1. Not Locking Your Elbows By Your Sides
Even a lot of experienced bodybuilders get this one wrong because they’re trying to go heavy and increase the range of motion. Curls are a single-joint move, but when you pull your elbows away from your sides in an effort to go higher as you raise the weight, they become a multijoint exercise. Because this shifts some of the emphasis to the front delts, they now share the workload with the bi’s. Instead, fix your elbows to your sides and don’t let them travel forward. At the top of the motion, you shouldn’t be looking directly at the bar; rather, the bar should be near the top of your chest.
2. Failing To Extend Your Elbows
This one would be funny if it weren’t committed by so many trainees. Clearly, to flex the biceps you must bend the elbow, so essentially the degree of elbow bend must change by opening and closing over the course of each rep. Curiously, you’ll see guys who instead rock at the waist and lean back as they curl with almost no change in elbow bend. That’s simply not a rep, and your arms won’t grow! Instead, reduce the weight and pay attention: The angle in your elbows should approach 180 degrees at the bottom, where your arms are almost fully extended, and be decidedly less than 90 degrees at the top of each rep.

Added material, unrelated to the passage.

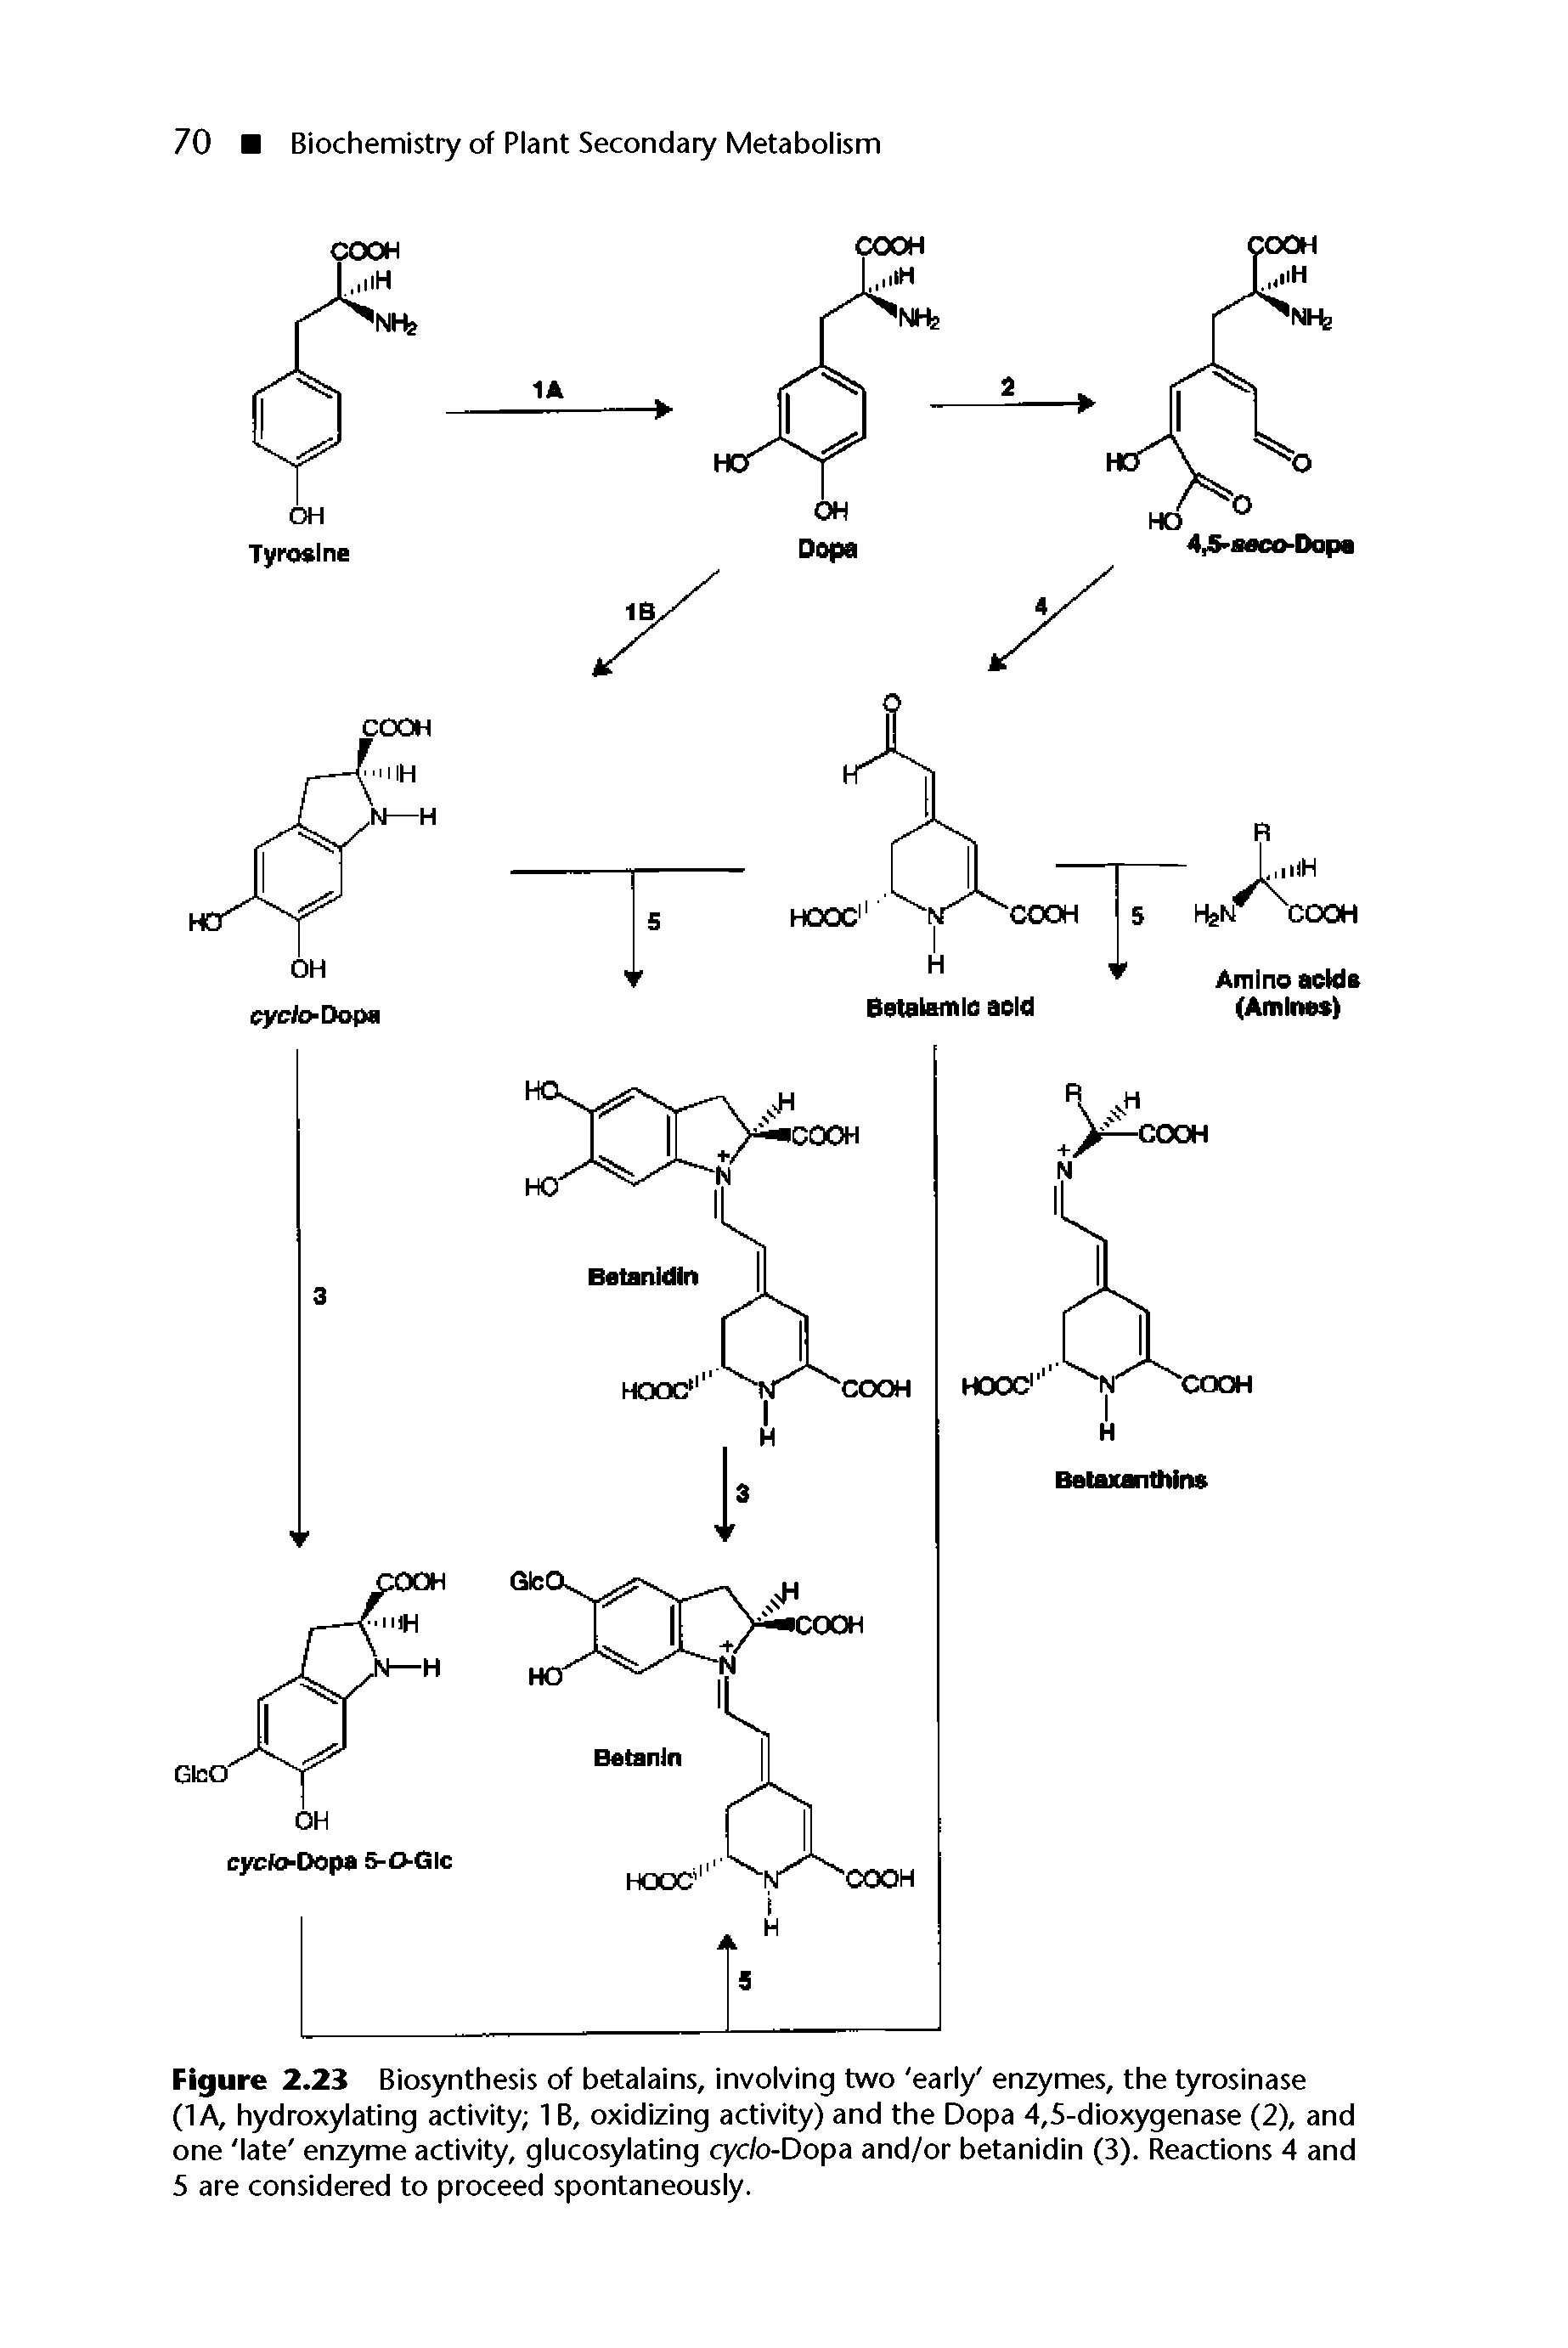 Figure 2.23 Biosynthesis of betalains, involving two early enzymes, the tyrosinase (1A, hydroxylating activity 1 B, oxidizing activity) and the Dopa 4,5-dioxygenase (2), and one late enzyme activity, glucosylating cyc/o-Dopa and/or betanidin (3). Reactions 4 and 5 are considered to proceed spontaneously.

3. Dropping Your Elbows From Parallel
When doing high-pulley cable curls, it seems simple enough: Do a double biceps pose by bringing your fists toward the back of your ears. But it’s more complicated when you have a heavy weight pulling against each arm. The tendency here is to drop your arms as your elbows pull forward. Again, this turns an isolation exercise into an unwanted multijoint move. Keep your upper arms locked in a position parallel to the floor so that the only movement occurs at the elbow joints. This effectively makes the short (inner) head do the brunt of the work.
4. Ignoring Overhand and Neutral-Grip Moves
While grabbing a weight and curling it seems elementary for big biceps development, not all the major arm flexors are optimally worked when you use an underhand grip. In fact, when your hands are in the neutral (hammer) or overhand (reverse grip) positions, the brachialis that lies underneath the biceps and brachioradialis — the forearm muscle nearest the elbow — kick into gear. You won’t reach your genetic potential unless you include moves that target all the muscles in the biceps group. We suggest doing one of these exercises last in your biceps workout because it can adversely affect grip strength.
5. Always Using the Same Grip Width
Chances are the standing barbell or EZ-bar curl is the major mass-building movement in your routine, and rightly so. Because you can load up the bar and generate a bit of body english, you can move more weight than with any other biceps exercise. But that doesn’t mean you can’t add some variety to work the target muscles in slightly different ways from time to time. Changing your grip width on barbell curls affects the amount of rotation in your arms. When you use a wider than shoulder-width grip, your arms turn out at the shoulder joints — called external rotation — which hits the short (inner) head more strongly. When you grasp the bar with a narrower than shoulder-width grip, your arms instead turn in — known as internal rotation — and you’ll activate the outer (long) head to a greater degree.